--- PROVIDED DATA Enclosed Below ---
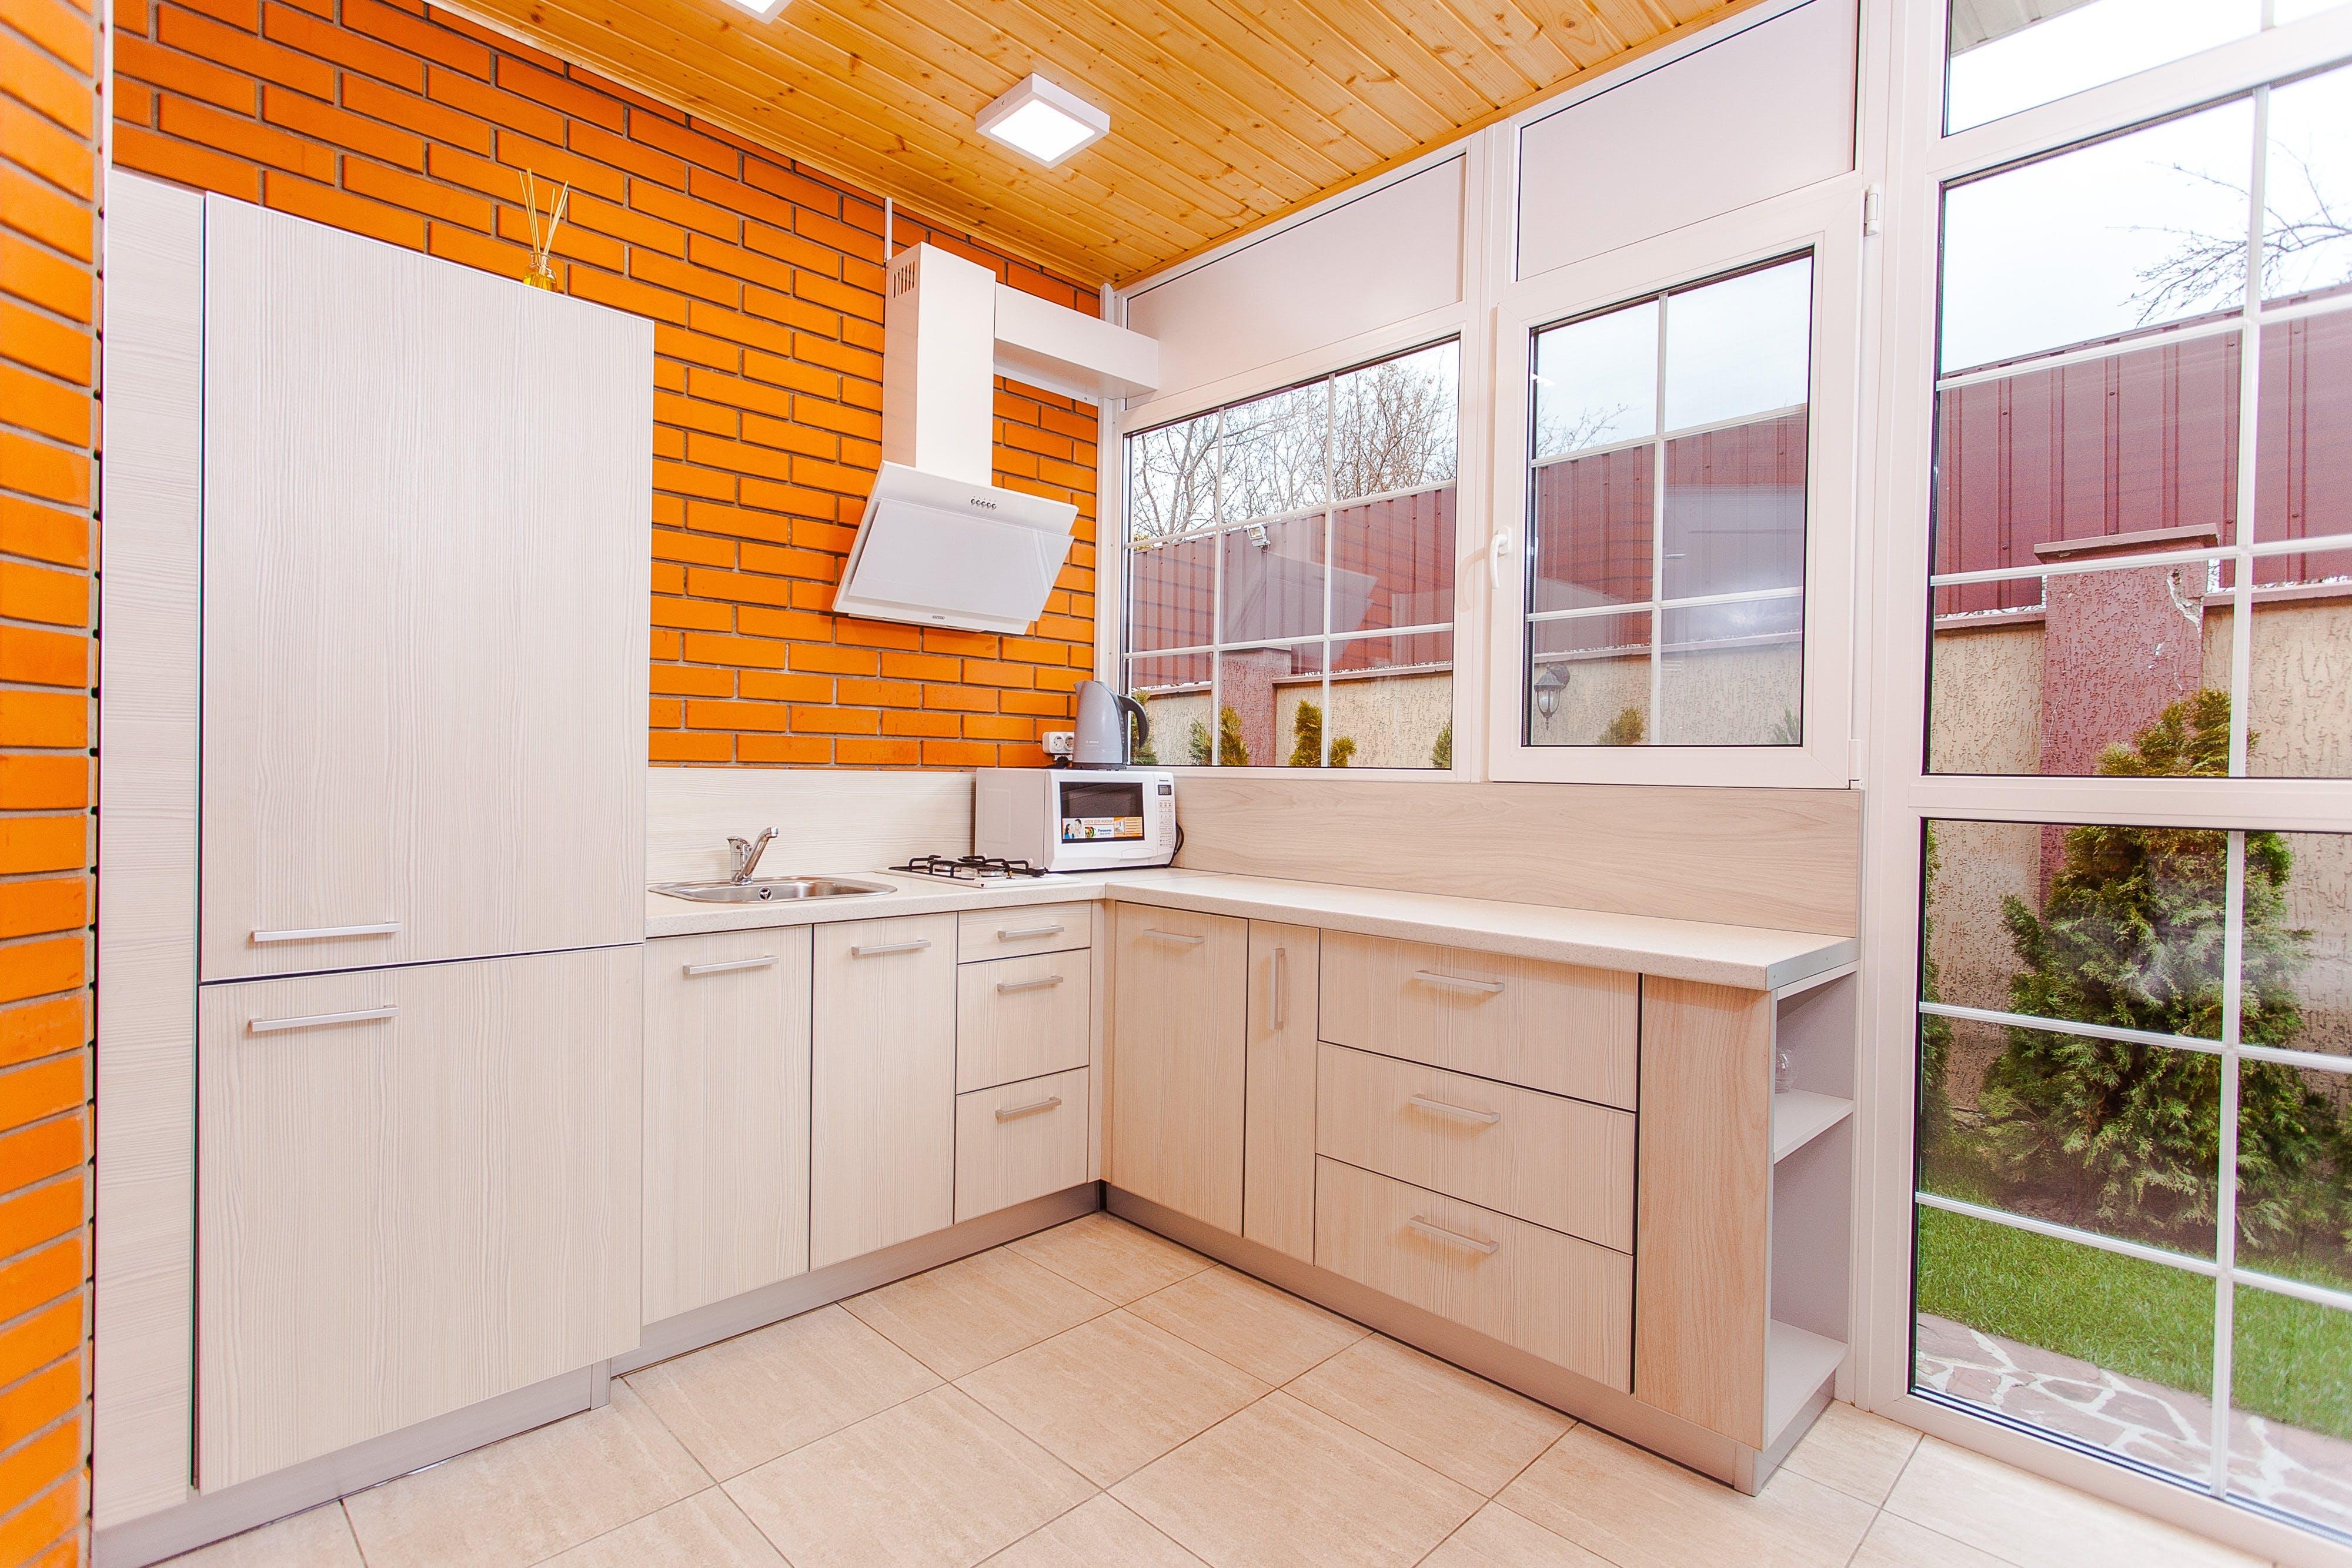 architecture, brick wall, cabinets
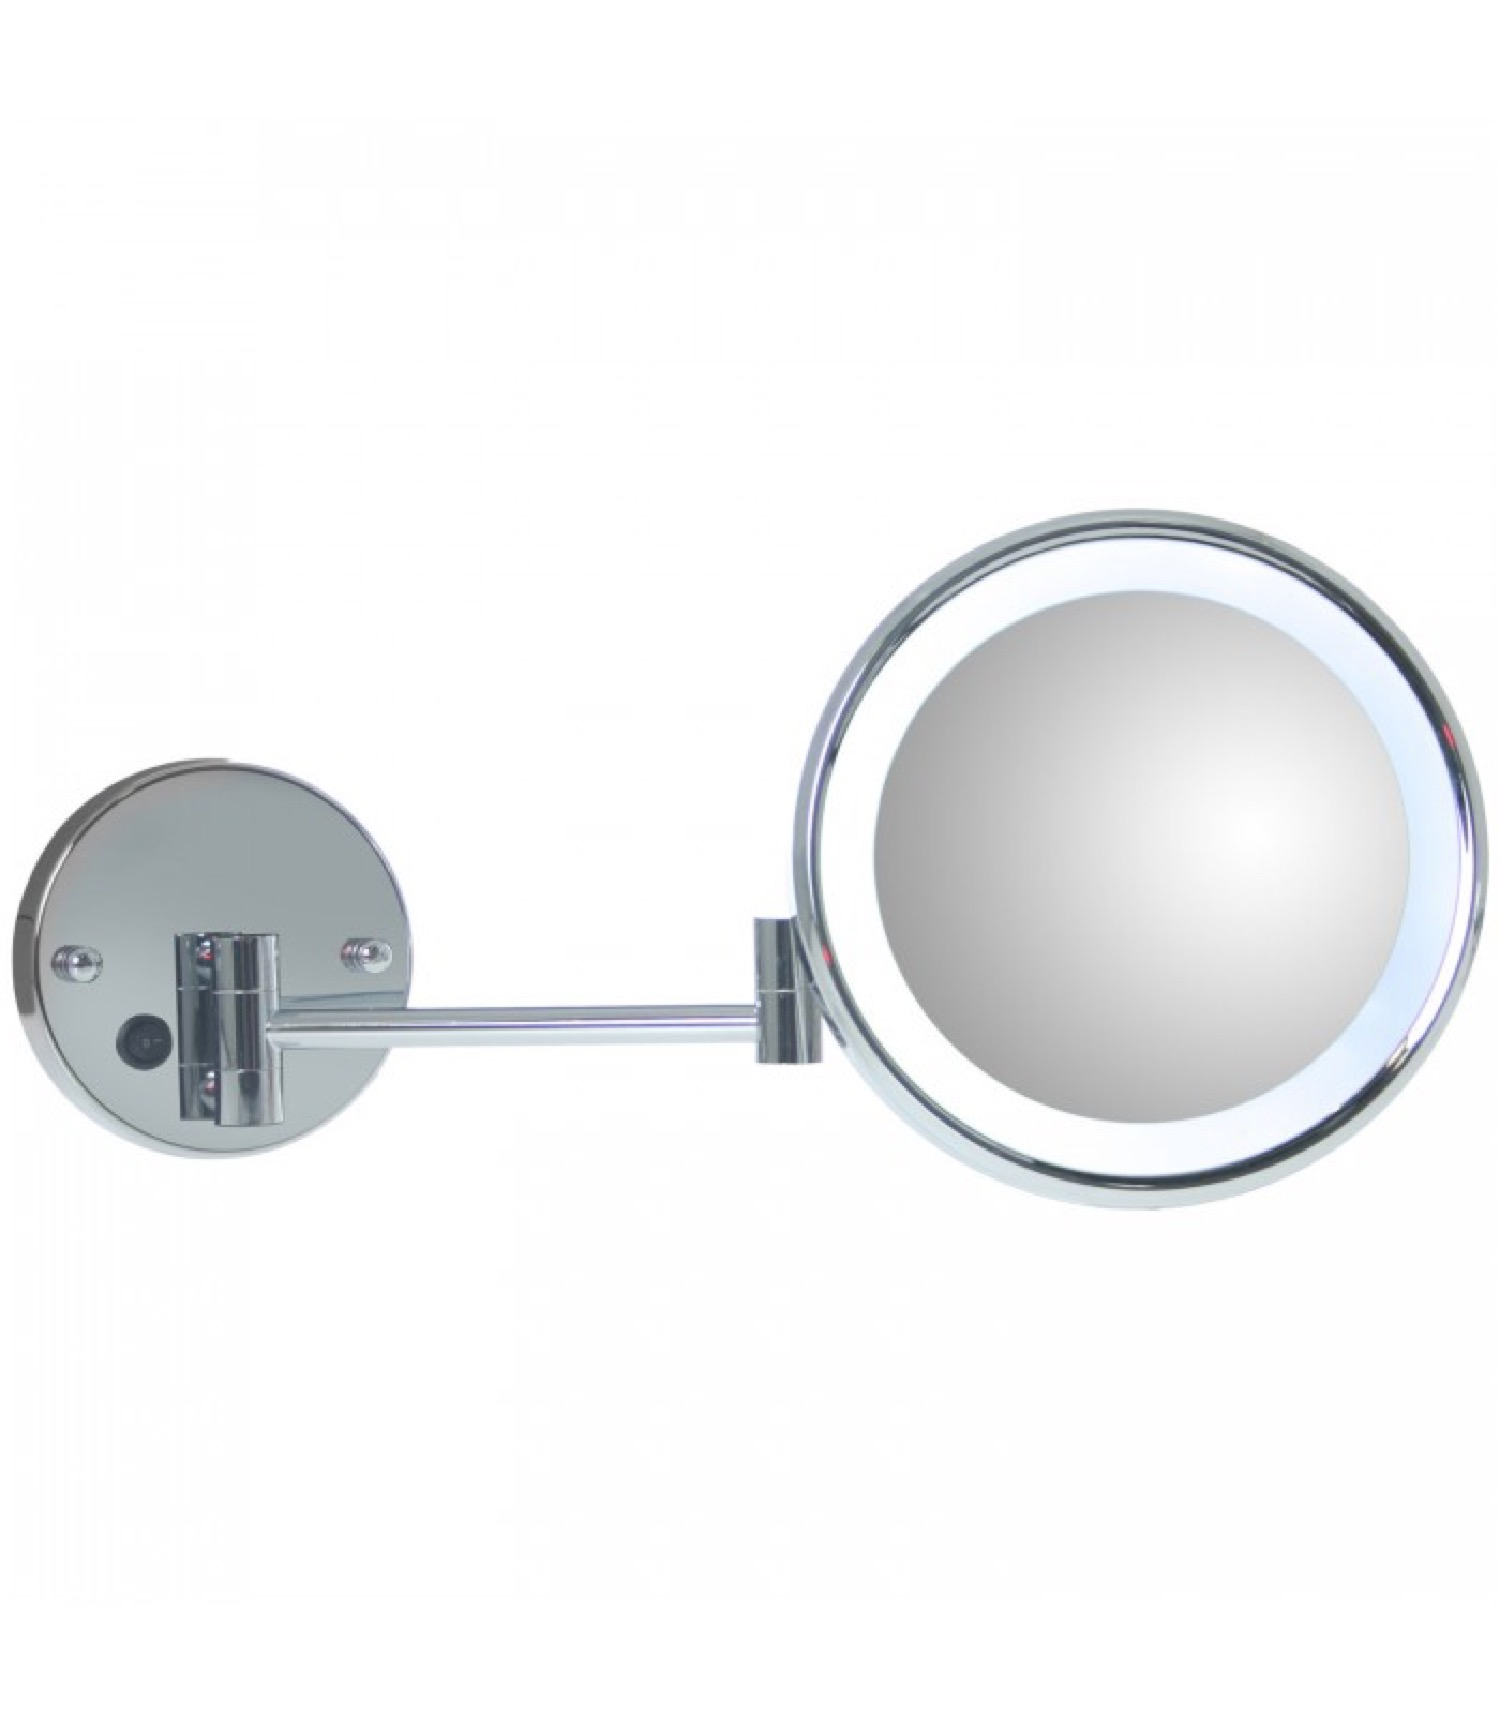 Miroir grossissant (x5) mural lumineux rond sur bras extensible
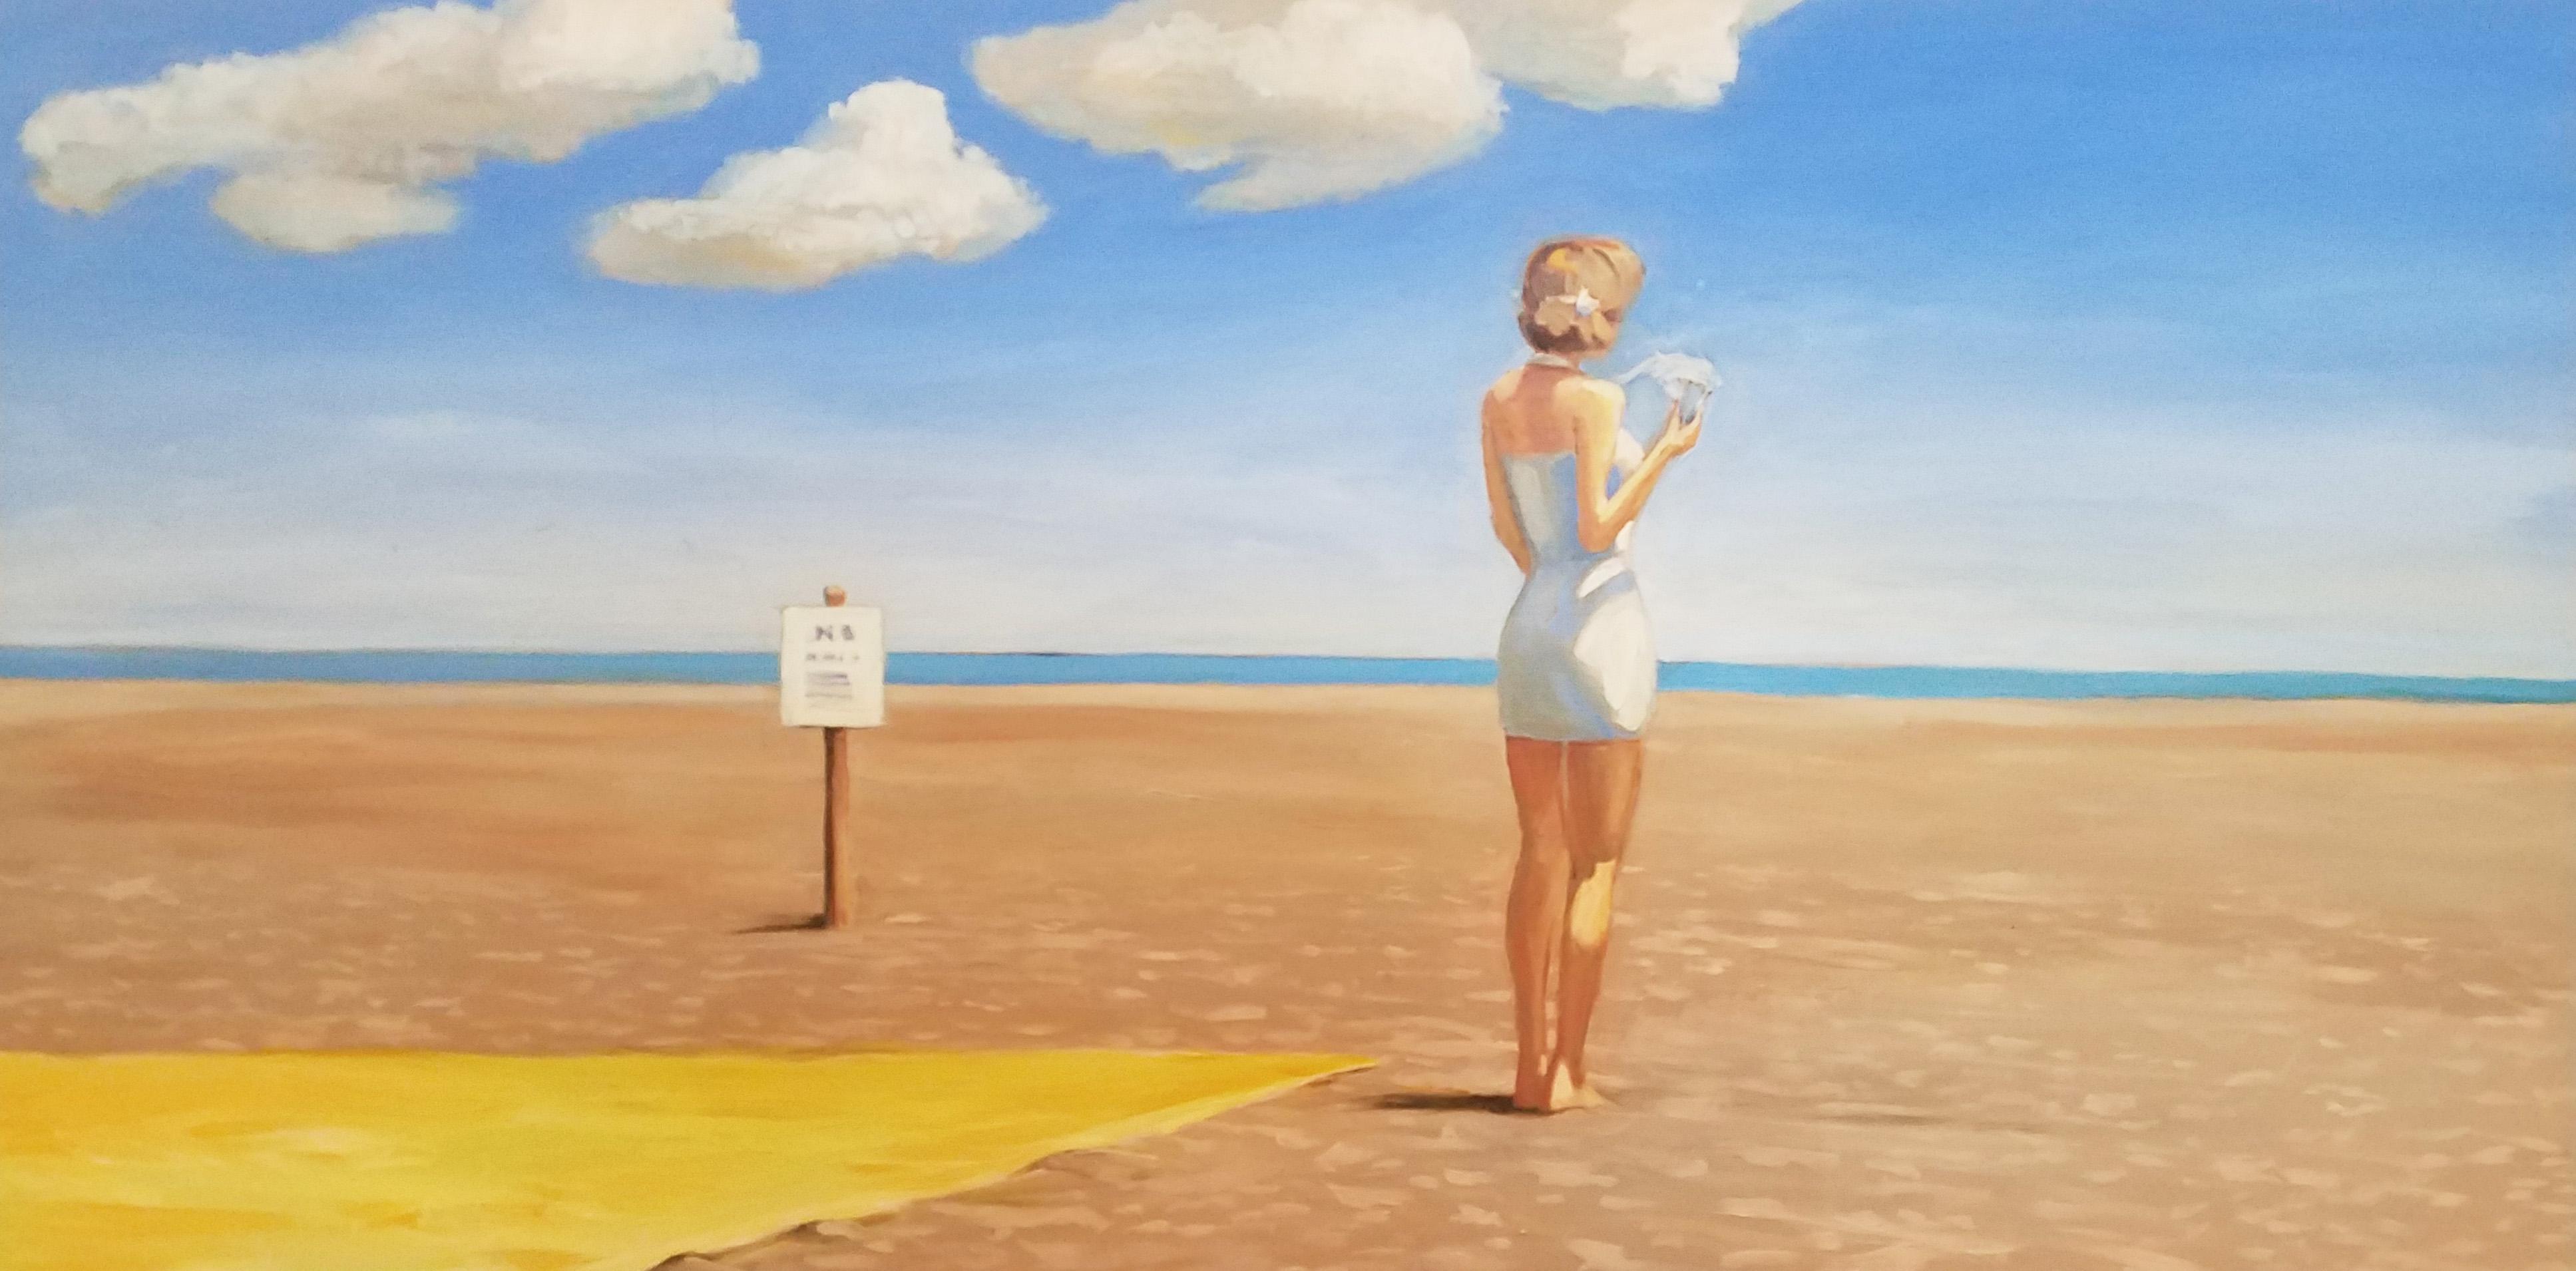 Kerry Rowland-Avrech
--- End of Enclosed PROVIDED DATA ---
ABOUT THIS TASK: Using the material above, return every line exactly as it appears, minus the pictures.

RESULT:
 architecture, brick wall, cabinets
 Miroir grossissant (x5) mural lumineux rond sur bras extensible
 Kerry Rowland-Avrech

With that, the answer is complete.